▸ **What you should do**
When you reach a picture, pass over it; otherwise repeat the listing word for word.

▸ **Material provided**
--------------------------------
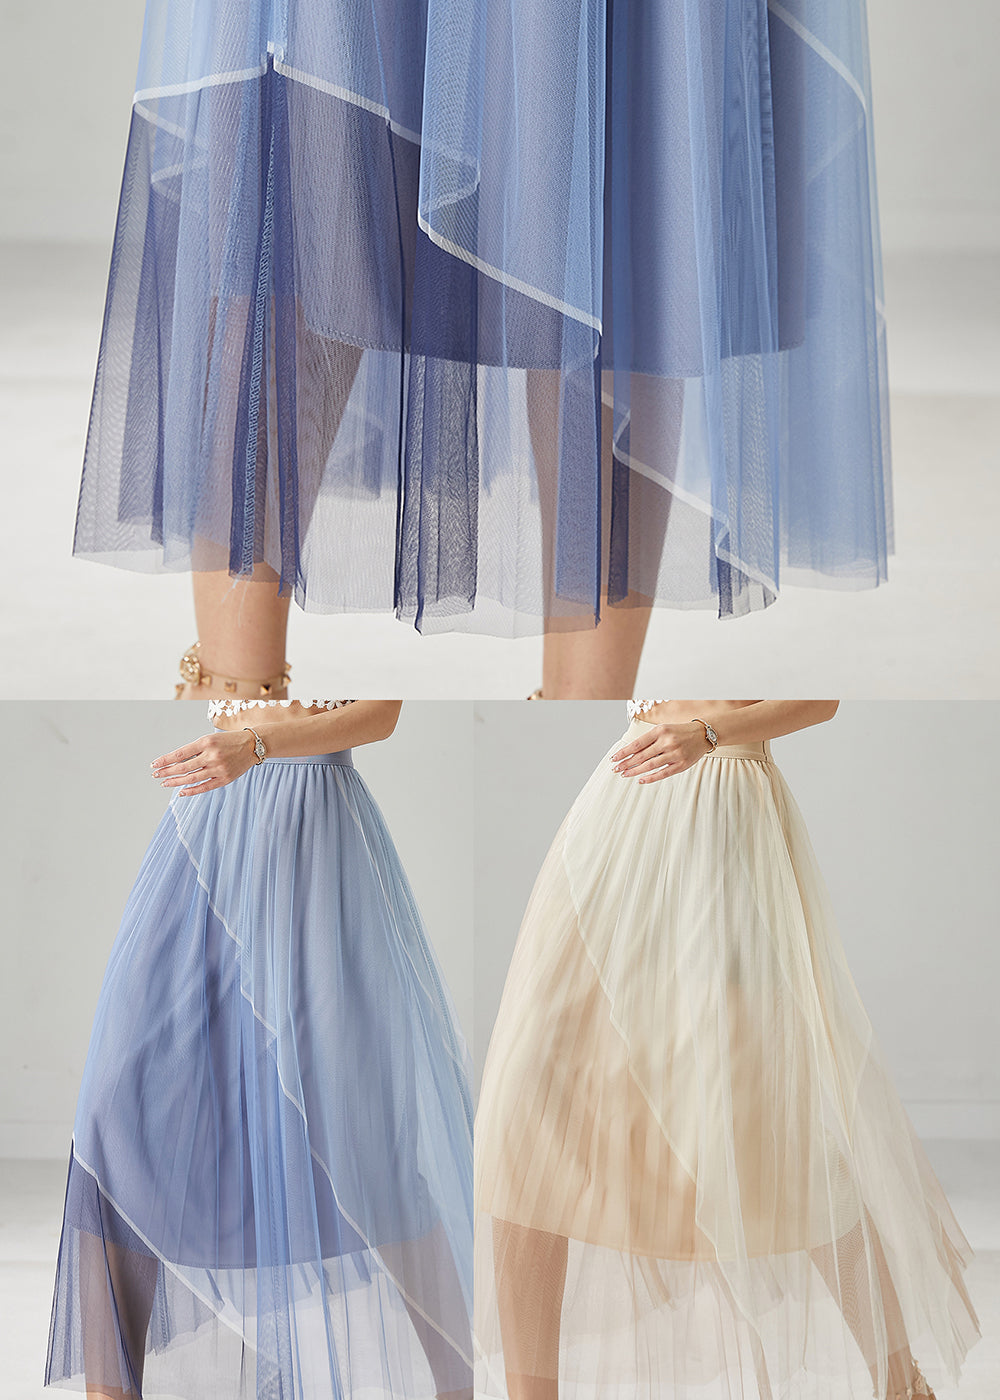 Blue Patchwork Tulle Vacation Skirts Elastic Waist Summer
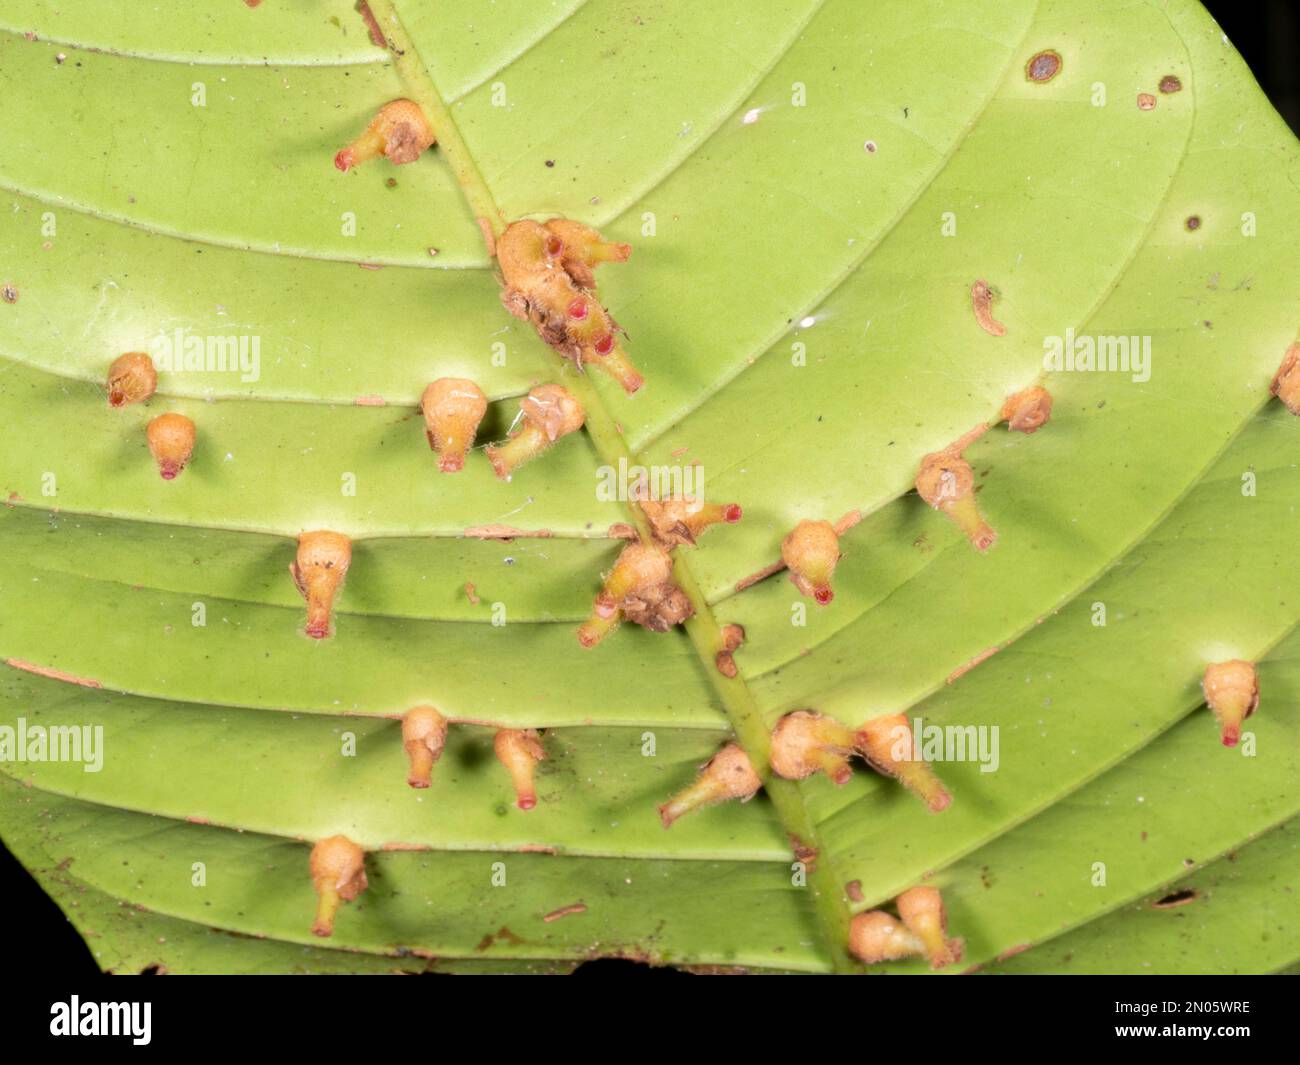 Leaf of an understory shrub covered in galls, resulting from insect, bacterial or fungal attack. Growing in rainforest in Orellana province, Ecuador Stock Photo
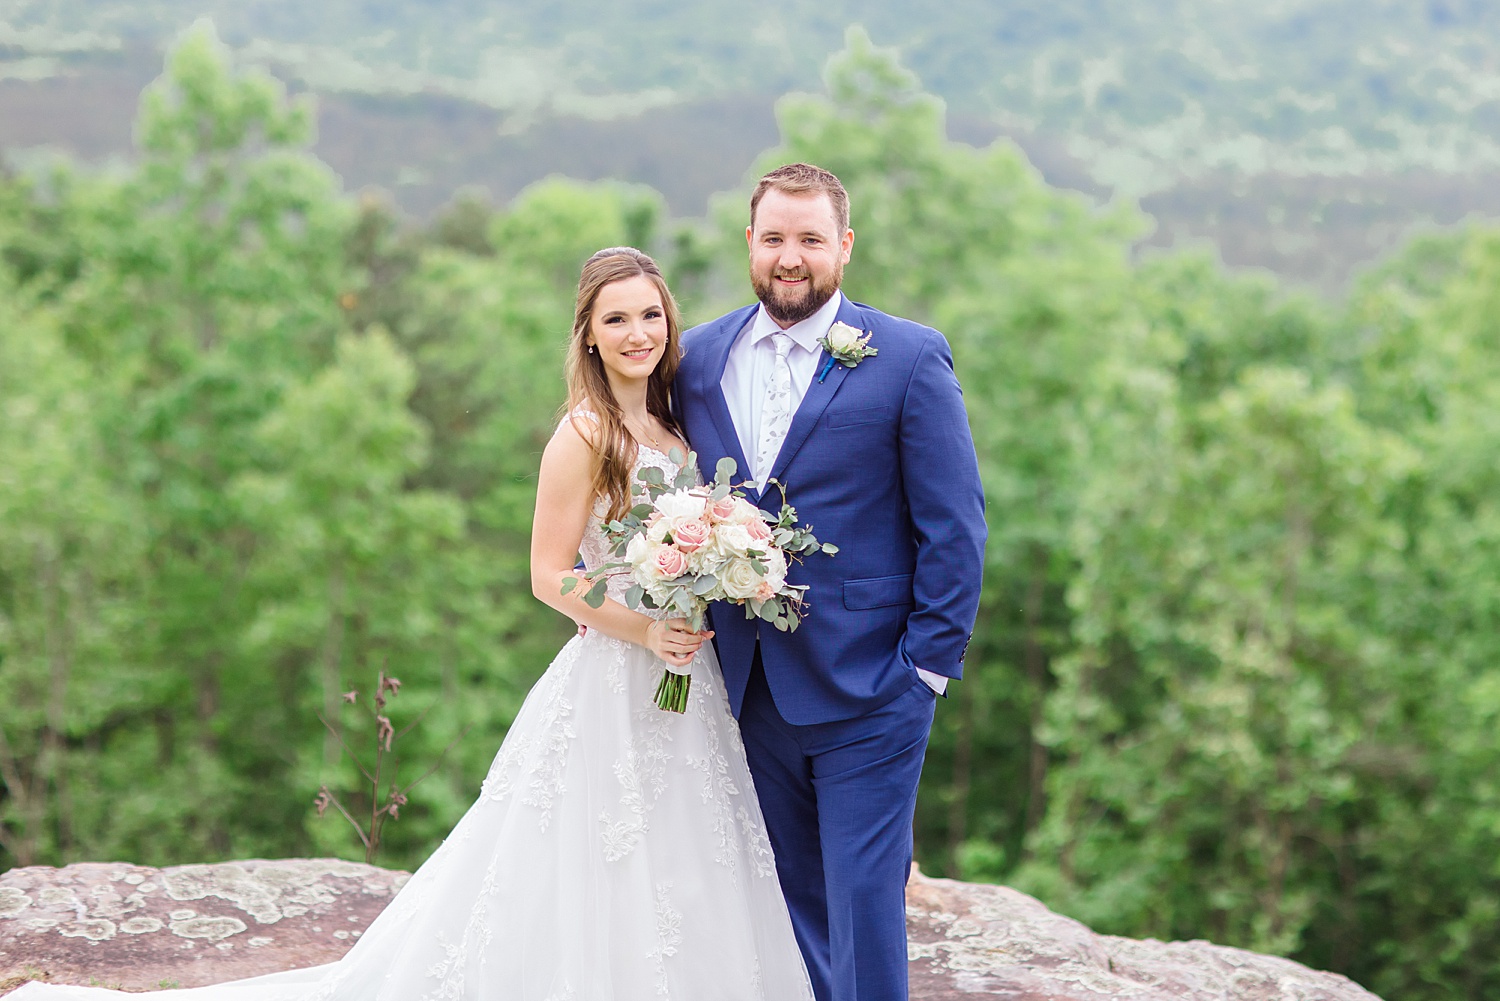 wedding portraits of couple before romantic spring wedding at Weddings at Cabin Bluff in AL
--------------------------------
▸ **Solution to the problem**
 Blue Patchwork Tulle Vacation Skirts Elastic Waist Summer
 Leaf of an understory shrub covered in galls, resulting from insect, bacterial or fungal attack. Growing in rainforest in Orellana province, Ecuador Stock Photo
 wedding portraits of couple before romantic spring wedding at Weddings at Cabin Bluff in AL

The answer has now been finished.